Kutai Timur – Bank Indonesia (BI) terus menunjukkan kepeduliannya terhadap pengembangan sektor pertanian di Kabupaten Kutai Timur (Kutim). Melalui kerja sama dengan Dinas Tanaman Pangan, Hortikultura dan Peternakan (DTPHP) Kutim, lembaga keuangan negara itu menyalurkan bantuan berupa alat mesin pertanian modern untuk meningkatkan produktivitas petani.

Kepala Bidang Tanaman Pangan DTPHP Kutim, Dessy Wahyu Fitrisia, mengatakan, bantuan tersebut diserahkan kepada kelompok tani di Kecamatan Kaubun melalui Unit Pelayanan Jasa Alat Mesin Pertanian (Upja).

Menurutnya, bantuan yang diberikan berupa drone pertanian dan combine harvester atau mesin pemanen padi. Kedua alat ini diharapkan mampu mempercepat proses kerja petani dan menekan biaya operasional di lapangan.

“Drone itu berfungsi untuk pemupukan dan penyemprotan pestisida, sementara combine digunakan untuk memanen padi secara otomatis,” jelas Dessy, Jumat (14/11/2025).

Ia menuturkan, penggunaan teknologi modern di sektor pertanian menjadi langkah strategis dalam mewujudkan pertanian yang efisien dan berkelanjutan. Dengan adanya dukungan dari Bank Indonesia, petani di Kutim diharapkan bisa lebih mandiri dan produktif.

Bantuan pertama berupa drone diserahkan sekitar dua tahun lalu untuk kelompok tani di Bumi Rapak, Kecamatan Kaubun. Sedangkan bantuan combine diberikan pada tahun ini dan langsung dimanfaatkan saat panen raya bersama Bupati Kutim pada Agustus lalu.

“Bantuan dari BI ini menjadi bukti nyata bahwa sinergi lintas sektor sangat penting untuk membangun ketahanan pangan daerah,” tambahnya.

Dessy menyebut, keberadaan alat-alat modern ini menjadi titik awal penerapan pertanian presisi di Kutai Timur. Petani kini mulai terbiasa menggunakan teknologi berbasis digital dalam kegiatan sehari-hari.

Selain itu, program tersebut juga membuka peluang bagi daerah lain untuk mendapatkan dukungan serupa di masa mendatang. “Kalau hasilnya baik dan efisien, tentu potensi replikasi di kecamatan lain akan terbuka,” ujarnya.

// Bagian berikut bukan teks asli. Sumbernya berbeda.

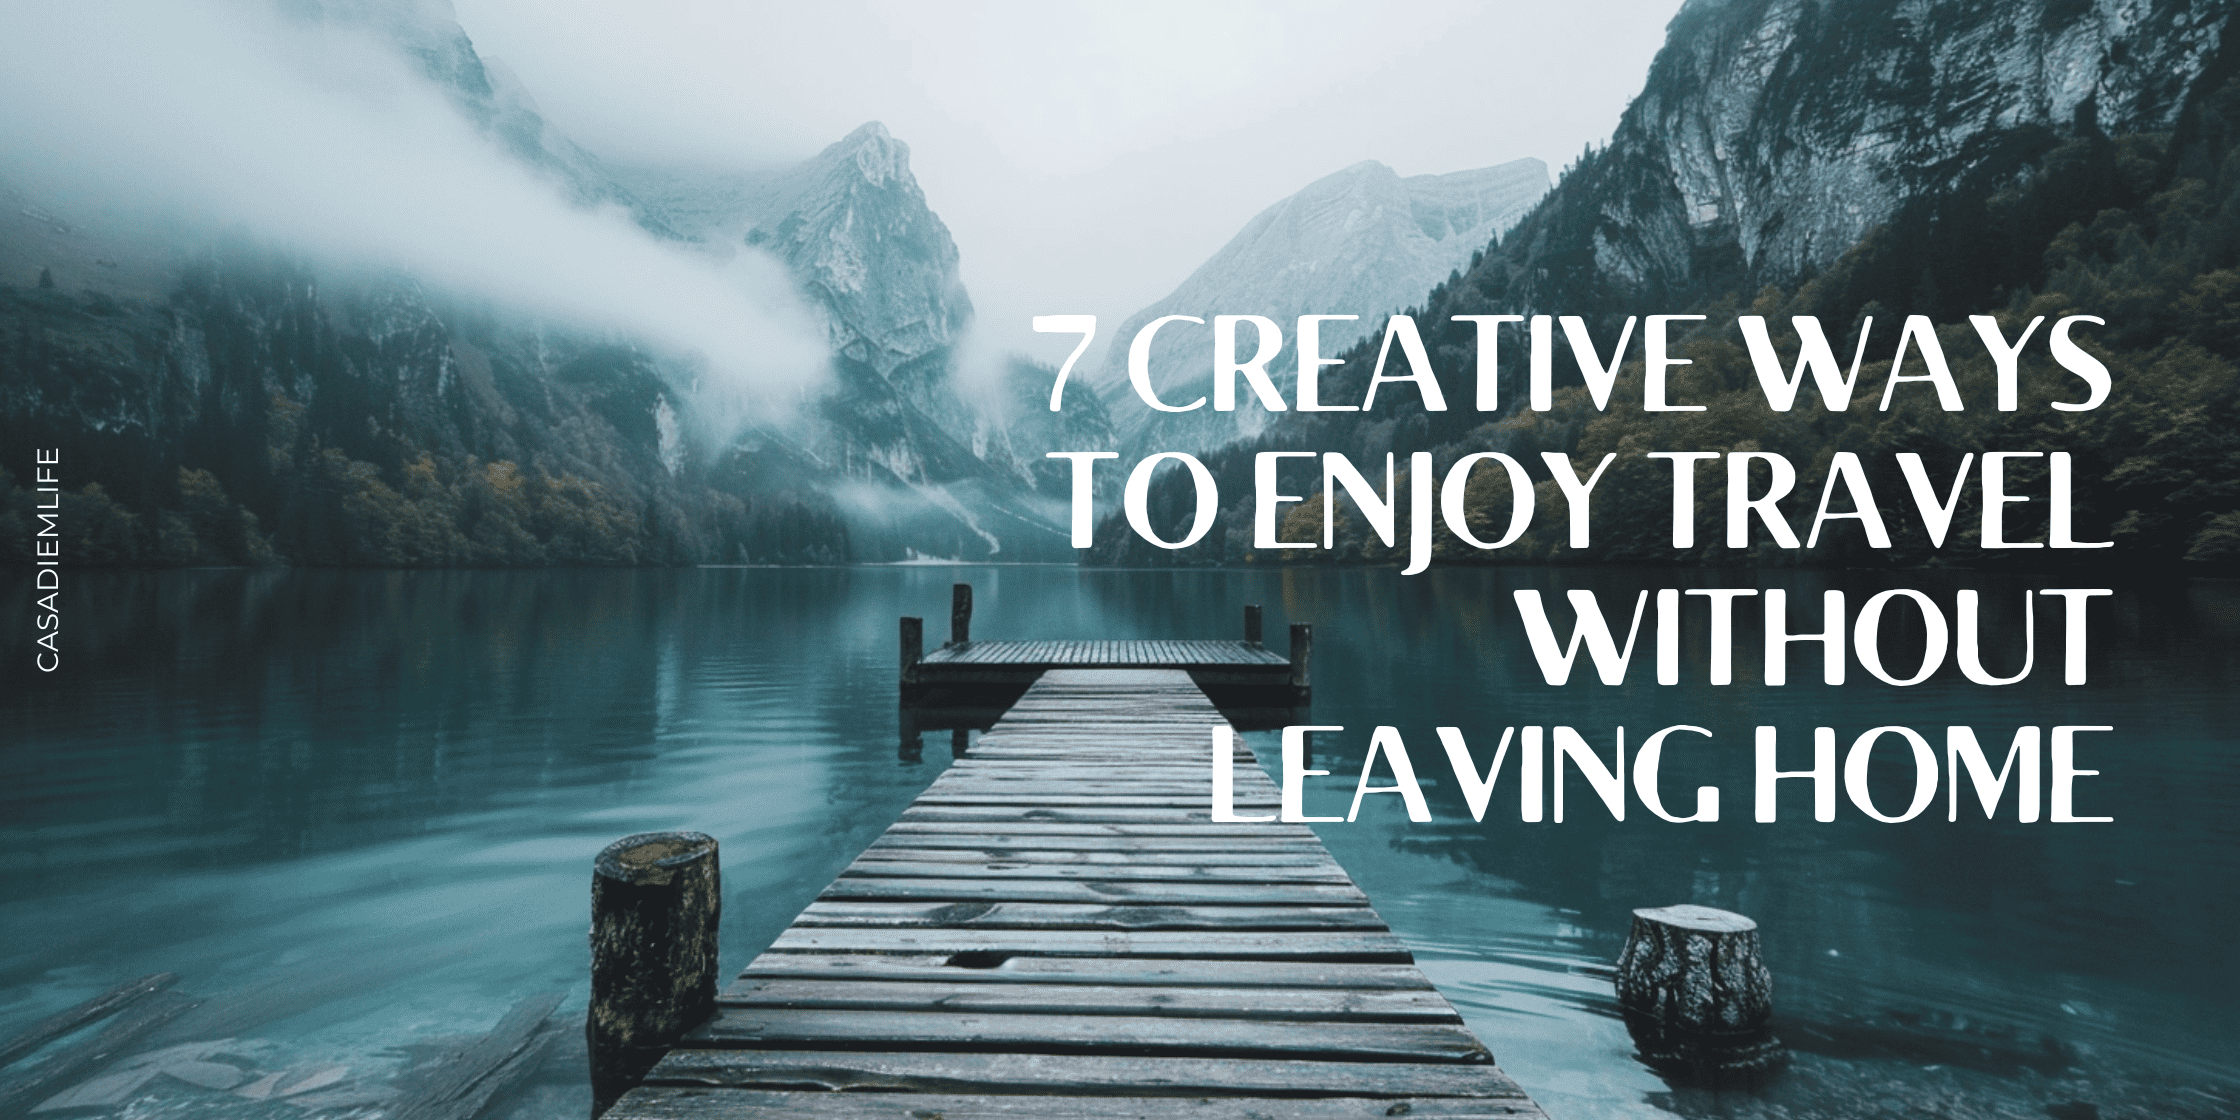 7 creative ways to travel without leaving home (1)

Ia pun mengapresiasi langkah BI yang tidak hanya fokus pada sektor keuangan, tetapi juga ikut mendorong pertumbuhan ekonomi daerah melalui sektor pertanian.
Dengan bantuan ini, pemerintah daerah berharap dapat mempercepat transformasi sistem pertanian dari konvensional menuju modern.

“Semoga sinergi ini berkelanjutan dan menjadi contoh bagi instansi lain untuk ikut mendukung petani kita,” pungkas Dessy. (Adv/Kominfo)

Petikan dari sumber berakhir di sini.